The Shrine of the Five Stars would be an almost wholly unremarkable place of worship, were it not for a secret dating back to Solano's founding. The shrine follows the pattern of such buildings in towns all across the lands of the Spring Empire: a small, rectangular structure of whitewashed wood greying in the sun, oriented south with the altar parallel to the equator according to the best imperial calculations. The gallery containing the icons of the Five Stars looks down upon the altar, with the cone of the shrine's tall spire above pointing to the Heavens.

Priestess Zhao lives in an austere one-room home near the shrine. The only concession she has made to her lifestyle after becoming magistrate is the simple canvas awning erected at the front of her home to provide shelter from the sun and rain to those who wait outside on petition days.

Few in Solano - even those of your grandmother's and grandfather's generation - recall what lies bound and sealed beneath the altar of the shrine. When the first shaft of the mine was driven into the walls of the canyon, evil spirits were released from the earth; this was expected, and the usual imperial priests were on hand to deal with them. What no-one foresaw was the much greater terror that would emerge from the depths more than a month later, a terror that was only defeated after the loss of eleven lives.
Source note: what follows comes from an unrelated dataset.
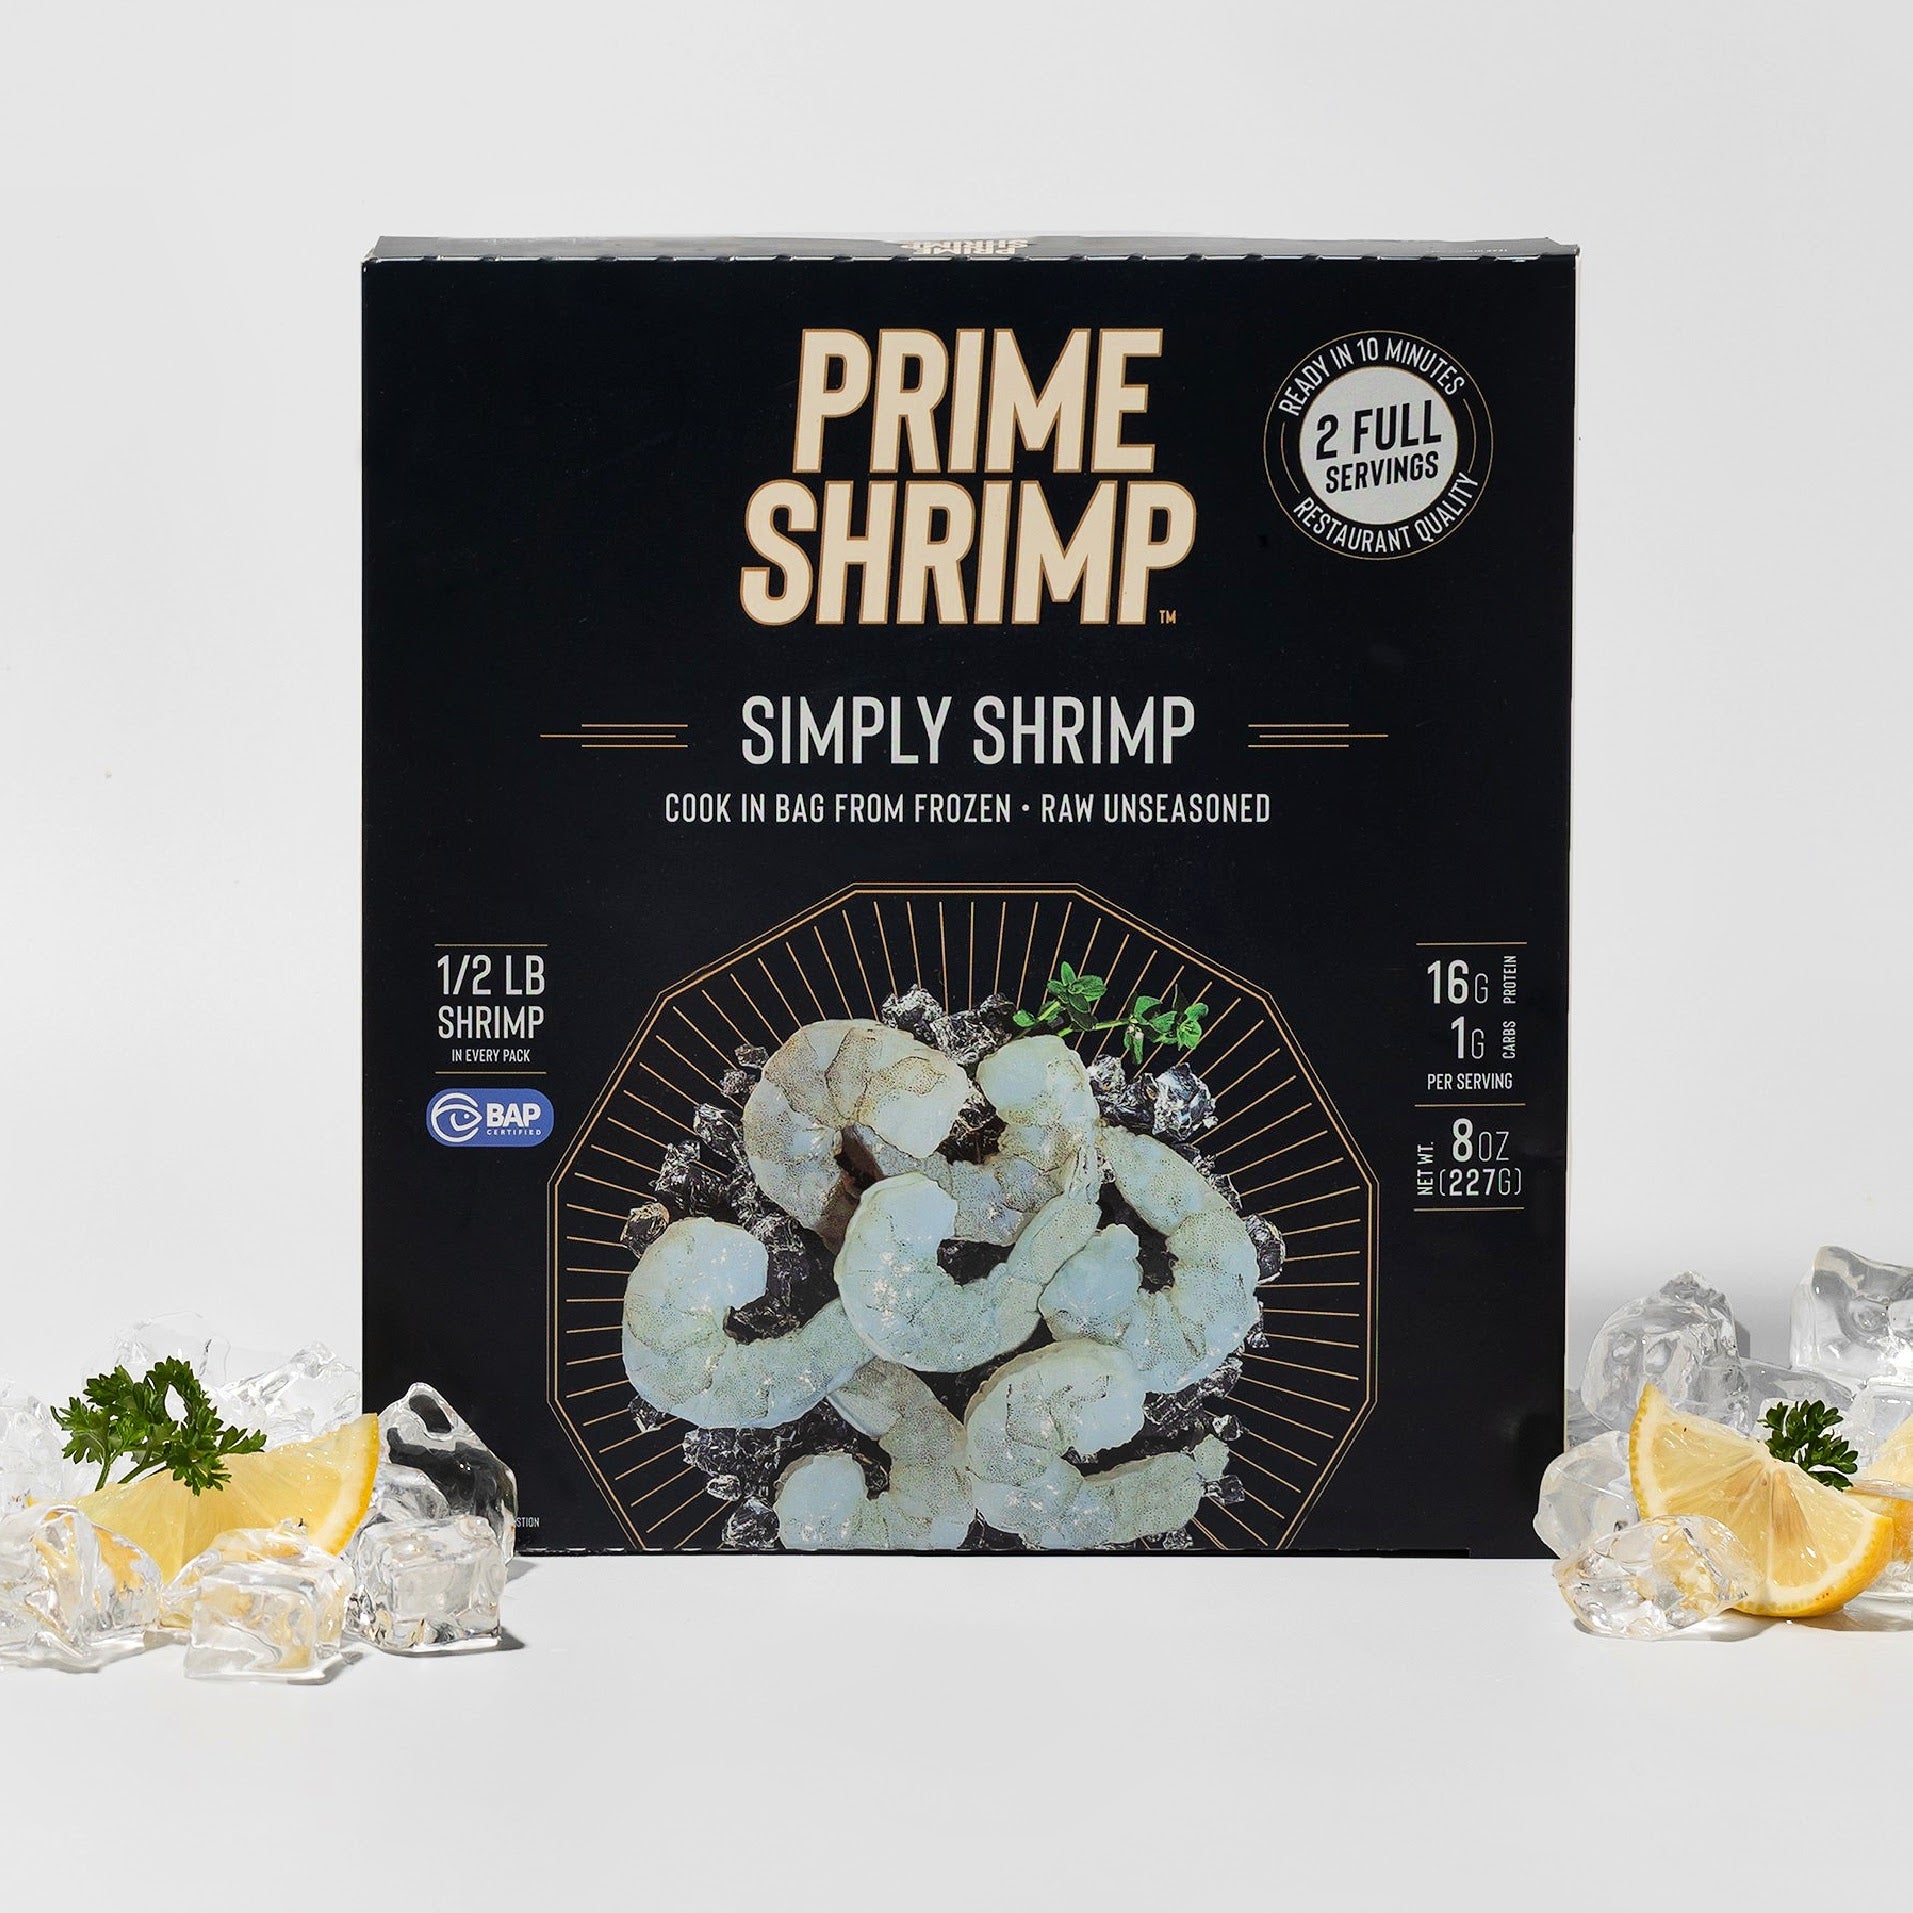 Prime-Shrimp-Simply-_-NWK-Creative-3_aaec8a10-71d4-49c2-b4d0-281a108a1e0e.jpg

Plans to build the town shrine on the rim of the gulch were quickly abandoned, and the new location chosen so the altar would sit atop the terror's prison. Priestess Zhao and a few descendants of the men and women who put the terror down in the earth are the only people who know what lies beneath the shrine now; even as obedience to the Virtuous Way falters in this uncertain time, they remain the core of the faithful, renewing with their observances the power that keeps the terror locked away below.